I got this strange behavior where resolved alerts are sent alongside with firing ones. So i have this rule kube_pod_container_status_ready{namespace="default"} == 0. What happens: when pod is down alert is sent and everything is fine, then pod is up and it is resolved. But if pod will fail again in a short period an gets recreated by deploy with different name then the alert will be fired mentioning previous pod and new one. I also noticed that if you wait about 20 minutes after alert is resolved and kill a pod again there is only one pod in the alert.
This is expected:
fist alert 12:24
Container ubuntu in pod test-ubuntu-5579c5f49c-rsb8v is not ready for 30 seconds.
Prometheus Alert (Firing)
summary Container is not ready for too long.

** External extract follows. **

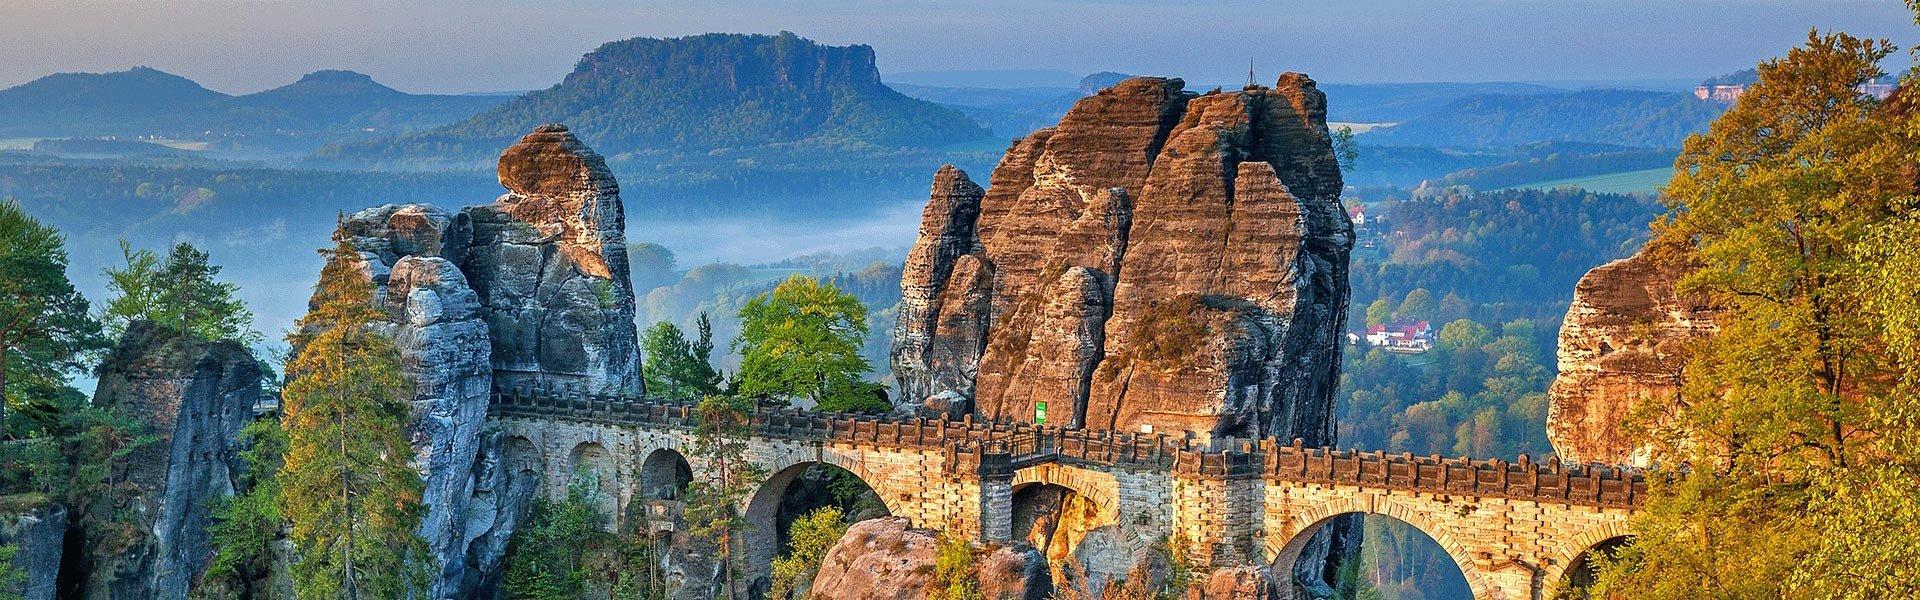 Victoria CamperHolidays Duitsland-Saskisch Zwitserland

alertname KubeContainerNotReady
container ubuntu
endpoint http
instance
10.233.74.200:8080job kube-state-metrics
pod test-ubuntu-5579c5f49c-rsb8v
prometheus prometheus/prometheus-kube-prometheus-prometheus
service prometheus-kube-state-metrics
severity warning
uid 85f61574-2559-4f1a-8a14-f08ee4e34b8a
second alert 12:27
Container ubuntu in pod test-ubuntu-5579c5f49c-rsb8v is not ready for 30 seconds.
Prometheus Alert (Resolved)
summary Container is not ready for too long.
alertname KubeContainerNotReady
container ubuntu
endpoint http
instance
10.233.74.200:8080job kube-state-metrics
pod test-ubuntu-5579c5f49c-rsb8v
prometheus prometheus/prometheus-kube-prometheus-prometheus
service prometheus-kube-state-metrics
severity warning
uid 85f61574-2559-4f1a-8a14-f08ee4e34b8a
Then I kill the pod and this happens (its a single alert):
third alert: 12:32
Container ubuntu in pod test-ubuntu-5579c5f49c-rsb8v is not ready for 30 seconds. 12:32
Prometheus Alert (Firing)
summary Container is not ready for too long.
alertname KubeContainerNotReady
container ubuntu
endpoint http
instance
10.233.74.200:8080job kube-state-metrics
pod test-ubuntu-5579c5f49c-rsb8v
prometheus prometheus/prometheus-kube-prometheus-prometheus
service prometheus-kube-state-metrics
severity warning
uid 85f61574-2559-4f1a-8a14-f08ee4e34b8a
Container ubuntu in pod test-ubuntu-5579c5f49c-sjlrk is not ready for 30 seconds.
summary Container is not ready for too long.
alertname KubeContainerNotReady
container ubuntu
endpoint http
instance
10.233.74.200:8080job kube-state-metrics
pod test-ubuntu-5579c5f49c-sjlrk
prometheus prometheus/prometheus-kube-prometheus-prometheus
service prometheus-kube-state-metrics
severity warning
uid aba2b39c-a4b1-4d02-a532-4ca39ef8c0da
Now, I know I can just group them by pod or some other labels or even turn off grouping, but I want to figure out what exactly happens here. Also i cant figure out what will happen to alert that has no label by which i am grouping. For example if i group by podname how will alerts without pod be treated.